Omit every picture, then return the listing verbatim.

START DATA EXCERPT

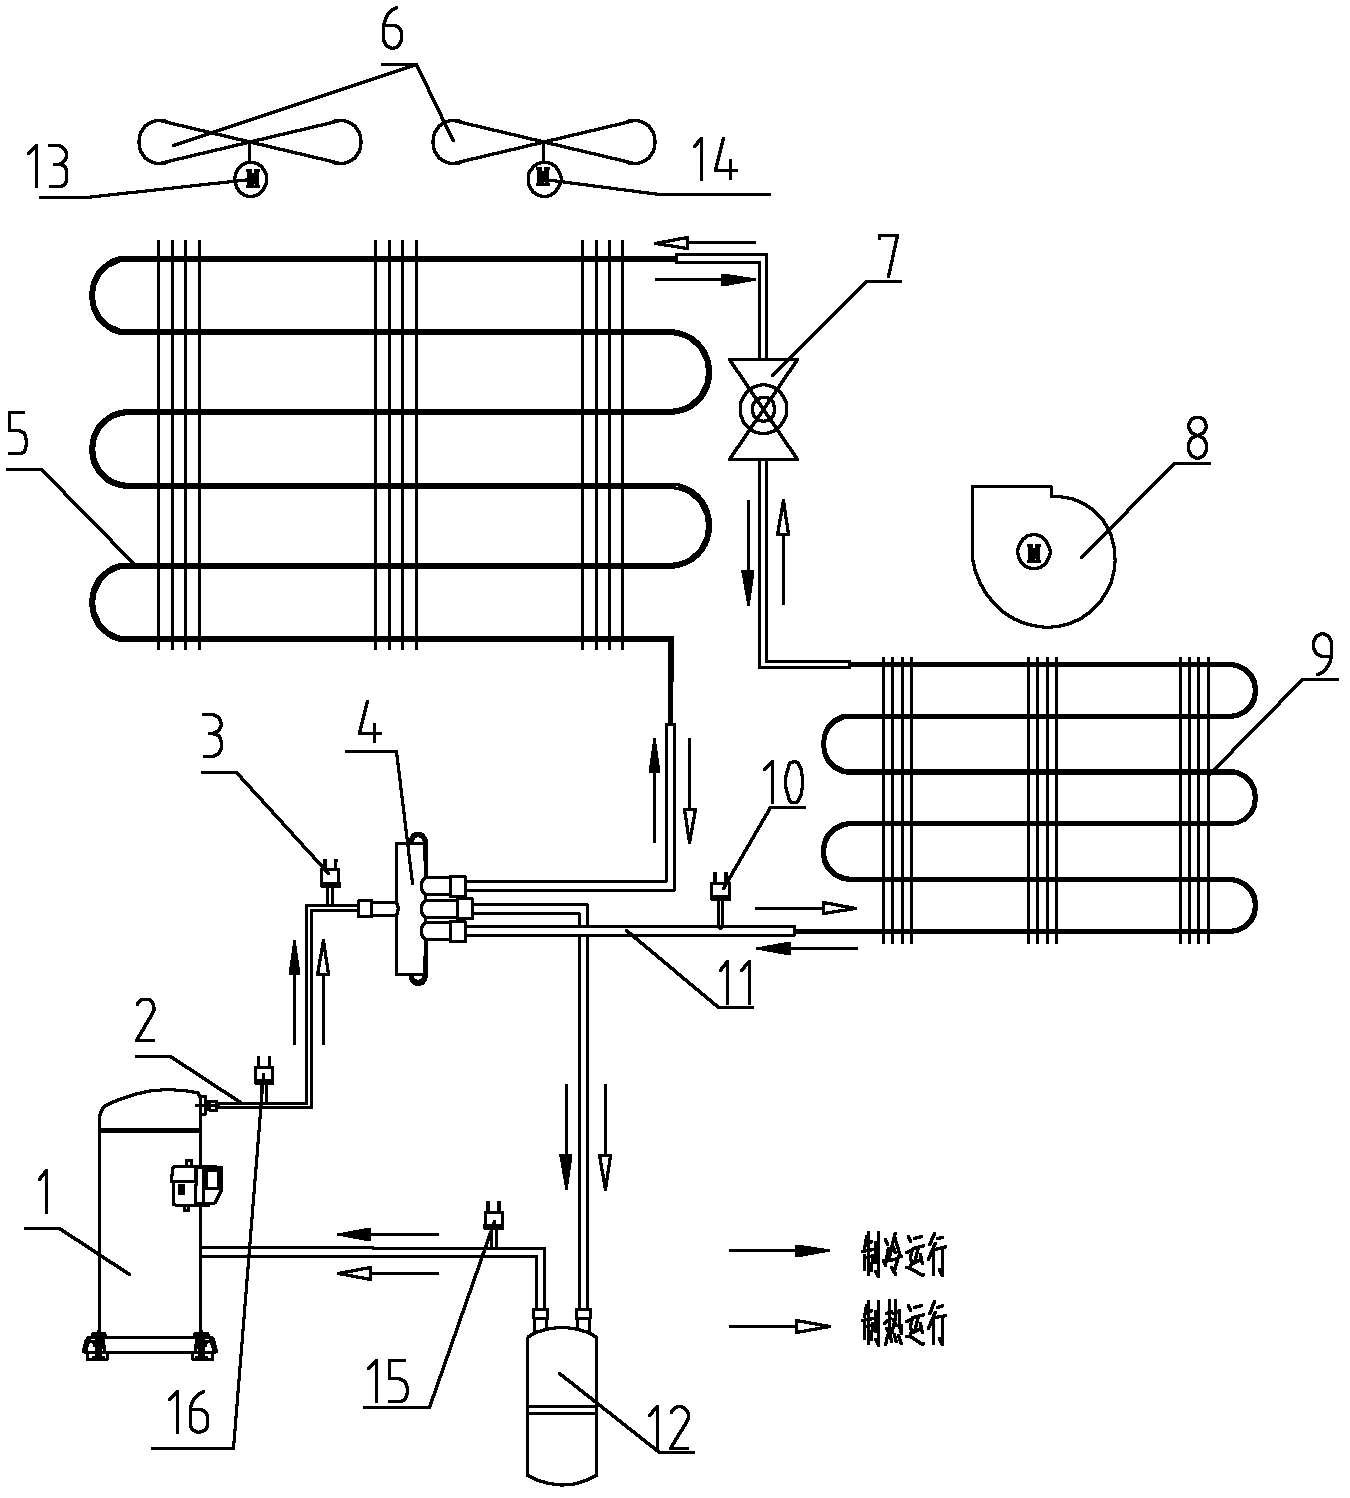 Control method of low temperature refrigeration of rooftop air conditioning unit
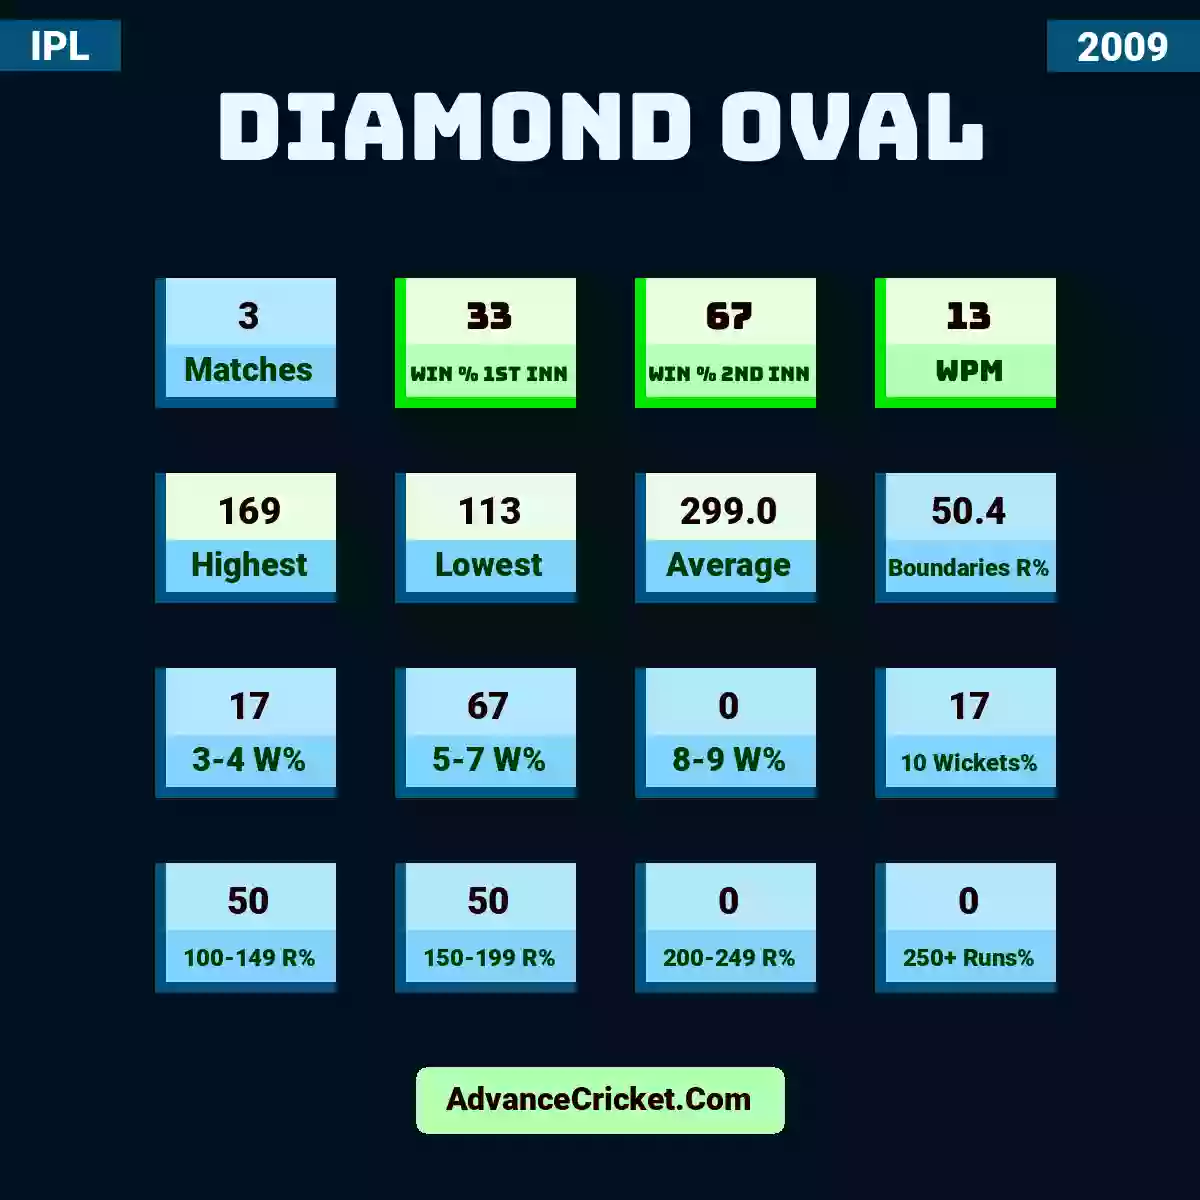 Image showing Diamond Oval with Matches: 3, Win % 1st Inn: 33, Win % 2nd Inn: 67, WPM: 13, Highest: 169, Lowest: 113, Average: 299.0, Boundaries R%: 50.4, 3-4 W%: 17, 5-7 W%: 67, 8-9 W%: 0, 10 Wickets%: 17, 100-149 R%: 50, 150-199 R%: 50, 200-249 R%: 0, 250+ Runs%: 0.
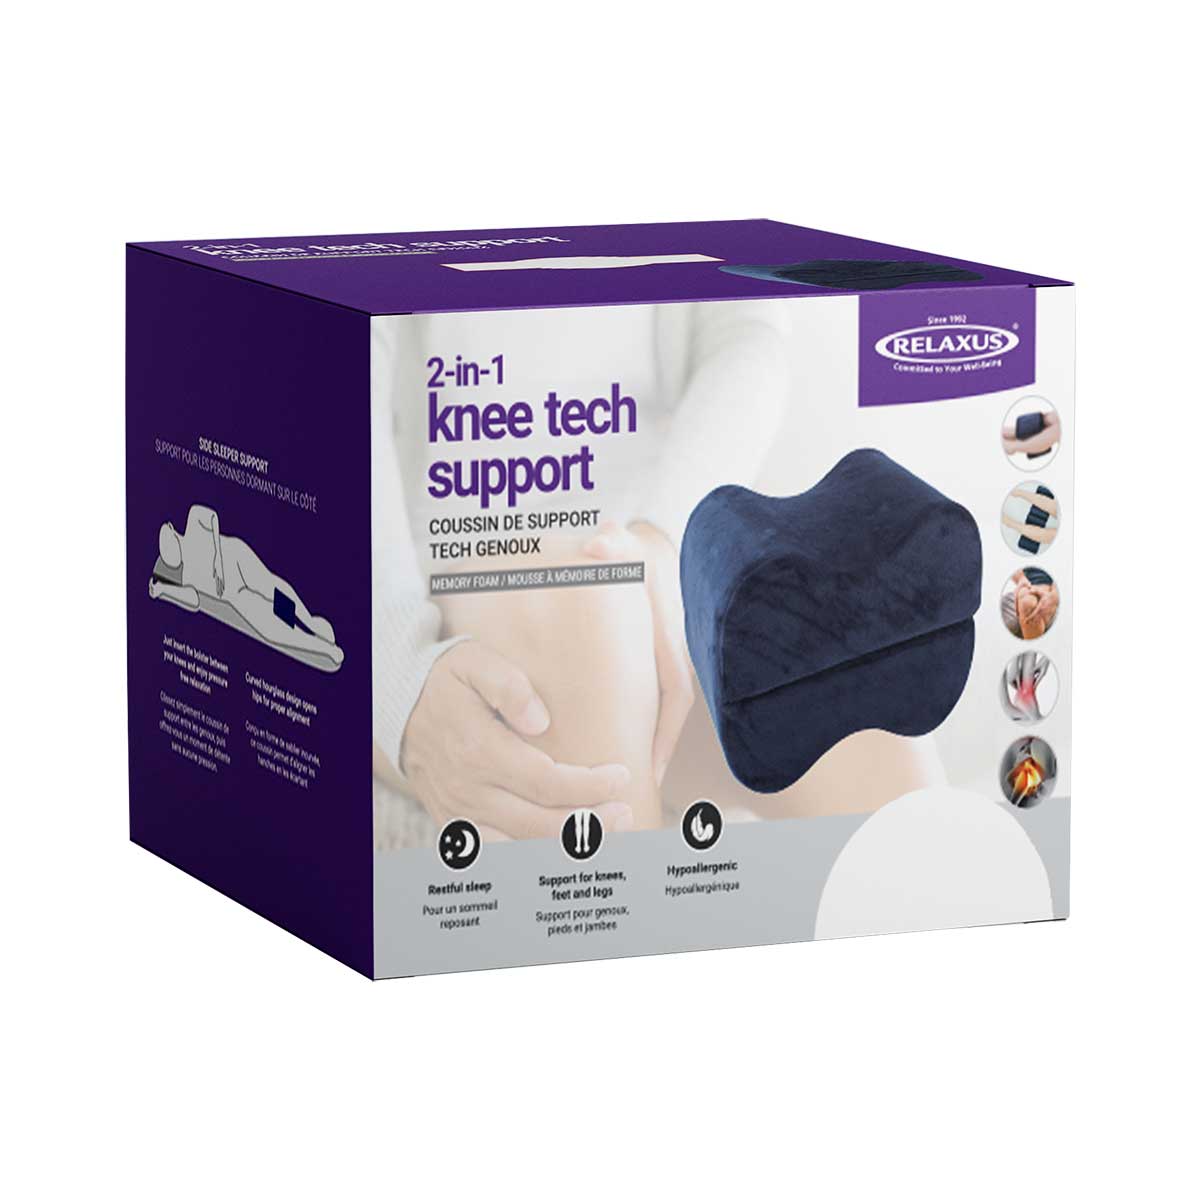 2-in-1 Knee Tech Support

END DATA EXCERPT

## OUTPUT
 Control method of low temperature refrigeration of rooftop air conditioning unit
 Image showing Diamond Oval with Matches: 3, Win % 1st Inn: 33, Win % 2nd Inn: 67, WPM: 13, Highest: 169, Lowest: 113, Average: 299.0, Boundaries R%: 50.4, 3-4 W%: 17, 5-7 W%: 67, 8-9 W%: 0, 10 Wickets%: 17, 100-149 R%: 50, 150-199 R%: 50, 200-249 R%: 0, 250+ Runs%: 0.
 2-in-1 Knee Tech Support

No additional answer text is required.